L’agriculture prend donc ses responsabilités pour la préservation de nos ressources tout en garantissant un approvisionnement suffisant de la population, à l’heure où presque la moitié du contenu de nos assiettes dépend déjà des importations. Autant de raisons pour voter deux fois non le 13 juin.»


La loi CO2 pour les sceptiques

Pr. Dr Hubert Kirrmann, Im Rüteli (AG)

«La loi CO2 sert à réduire la consommation de combustibles fossiles.

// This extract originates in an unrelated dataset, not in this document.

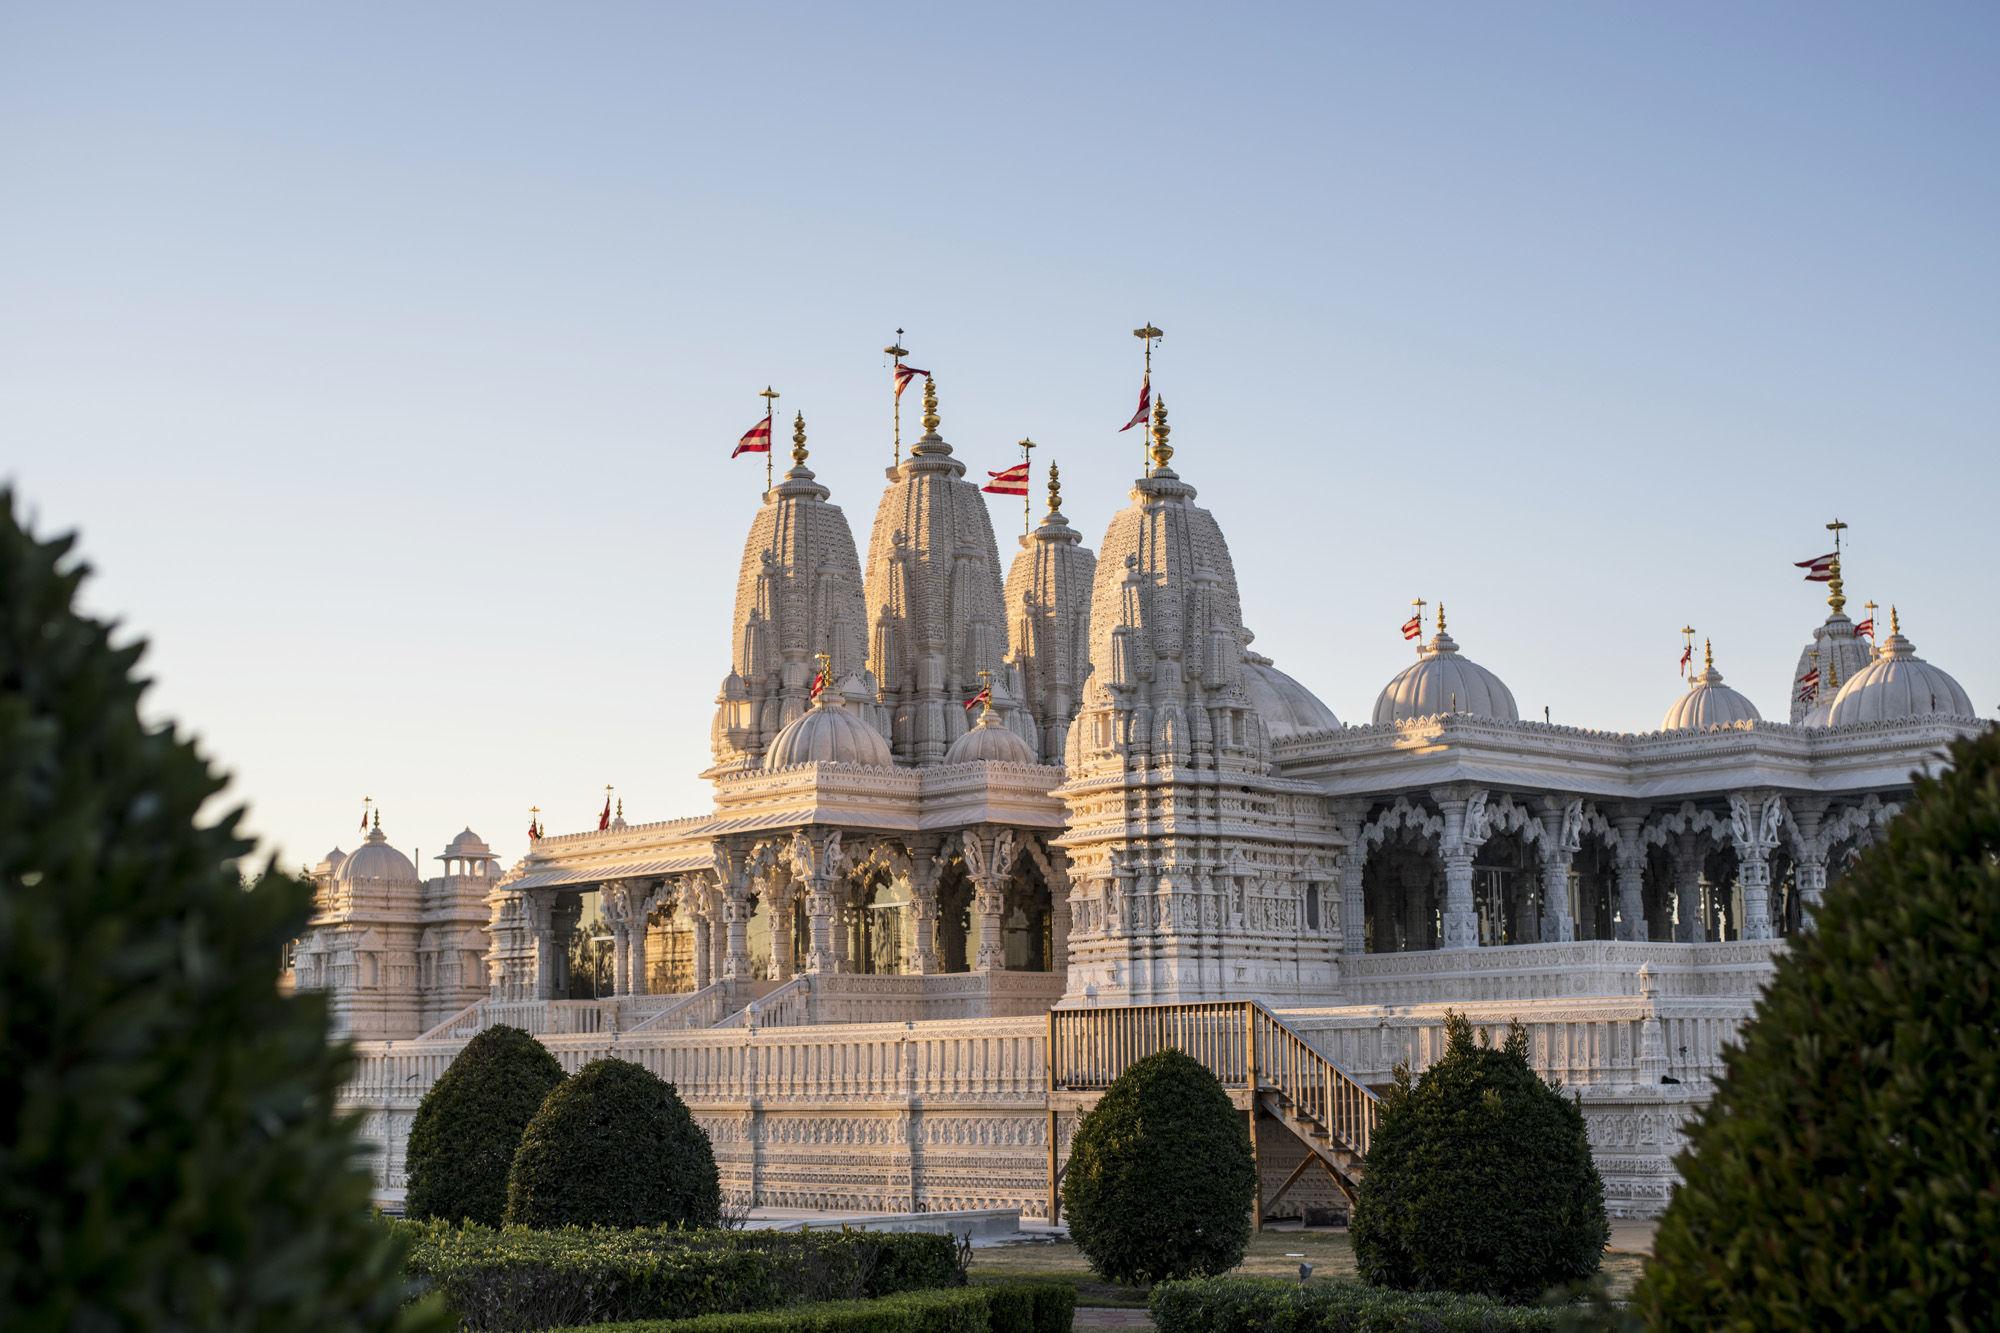 Shri swaminarayan mandir 012 ynf0ya
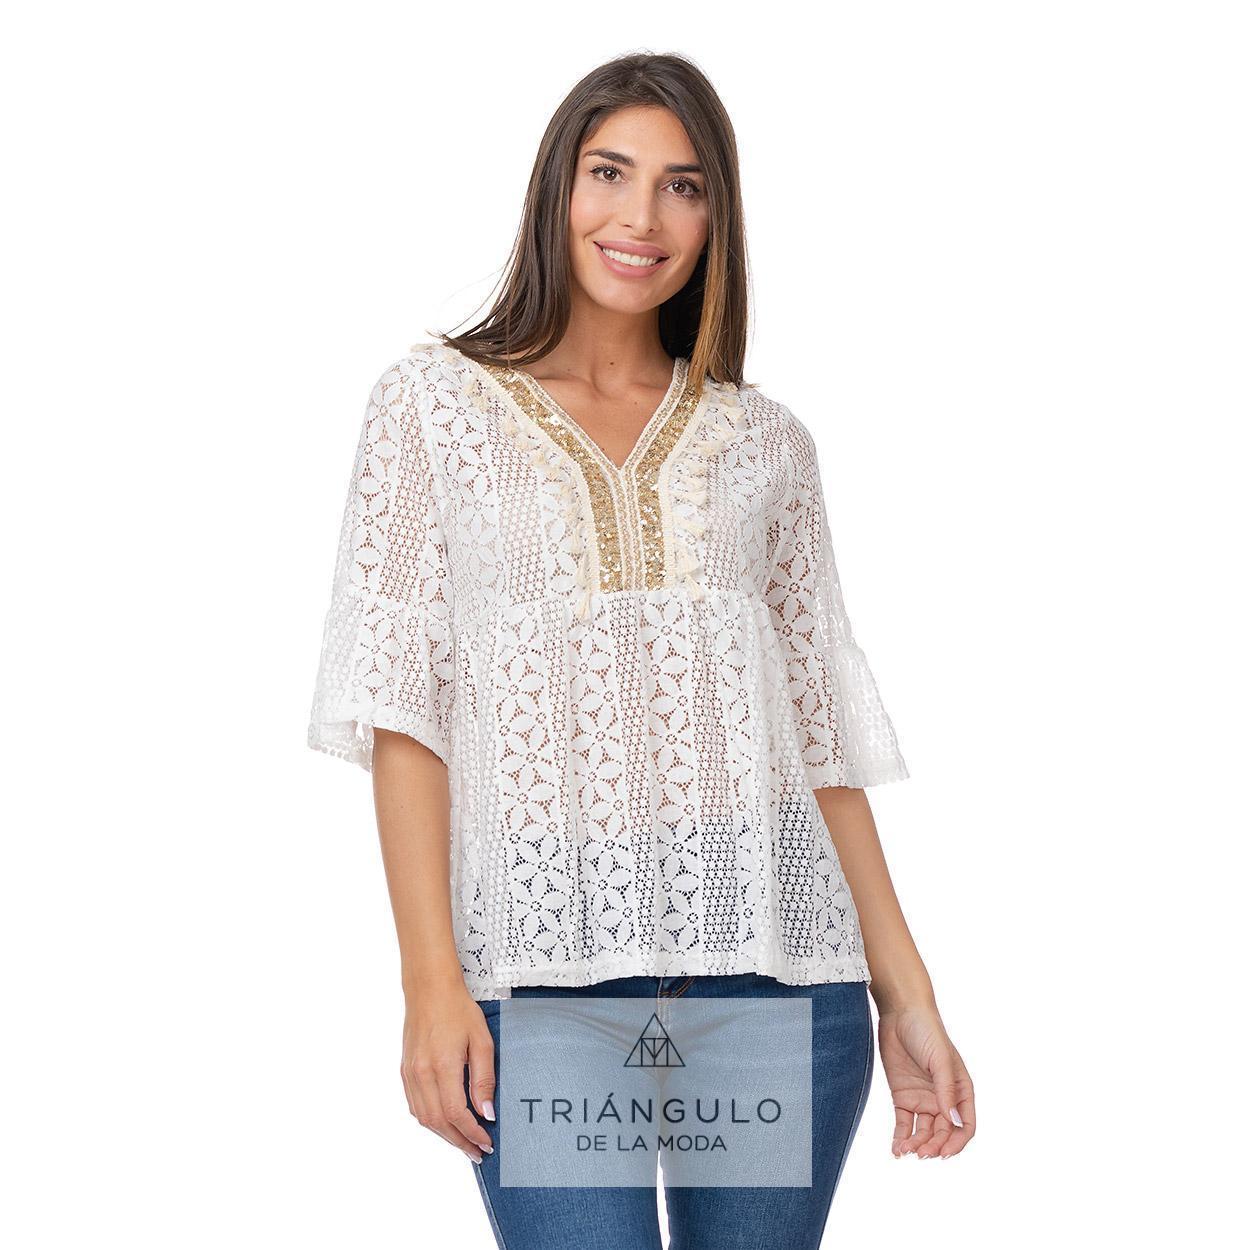 Tienda online del Triangulo de la Moda CASACA BOHO CHIC CON PAILLETTES

1) Même ceux qui nient que le réchauffement climatique soit dû au CO2 doivent admettre que les combustibles fossiles s’épuisent. Tous les grands champs pétrolifères ont déjà dépassé leur maximum. Pour le transport aérien et maritime, pour l’industrie (métallurgie, ciment, chimie…), il n’y a pas de substitut aux énergies fossiles dans un avenir proche. La loi CO2 contribue à préserver ces ressources.

2) Ceux qui défendent l’indépendance de la Suisse doivent admettre qu’une grande partie du pétrole et du gaz naturel proviennent de pays belligérants qui pourraient mettre la Suisse sous pression. La loi CO2 réduit cette dépendance.

3) Ceux qui refusent les subventions doivent admettre que la Suisse subventionne les combustibles fossiles (indemnités de pendulaire, carburant d’aviation, tracteurs, etc.) plus que toutes autres sources d’énergie. La loi CO2 permet d’économiser des subventions pour les sources d’énergie nationales.

Sur ce sujet, lire: Sur la révision de la loi CO2, des camps économiques loin d’être homogènes
et Loi sur le CO2: la Suisse se met au chevet du climat

4) Ceux qui estiment que la taxe sur le CO2 est trop élevée doivent admettre qu’elle ne dépassera pas 0,12 franc par litre. En plus, la loi CO2 exige que les nouvelles voitures consomment moins, de sorte que la voiture sera moins chère qu’aujourd’hui.

5) Ceux qui se moquent encore de l’énergie solaire et éolienne doivent admettre que la loi CO2 renforce l’énergie hydraulique et nucléaire dans leur concurrence avec les coûteuses centrales électriques au gaz. Car les énergies renouvelables ne pourront pas remplacer les centrales nucléaires en temps utile, et l’électricité des véhicules et des pompes à chaleur doit provenir de quelque part. On ne peut pas compter sur nos voisins, même si l’accord-cadre venait à être signé.

6) Ceux qui misent sur la capture et la séquestration du CO2 devraient admettre que pour chaque kilo de combustible importé, quelque 2,5 kg de CO2 doivent être éliminés. Trouver un dépôt pour les déchets radioactifs est un jeu d’enfant comparé à l’enfouissement de millions de tonnes de CO2 chaque année. La loi CO2 réduit un peu la difficulté.»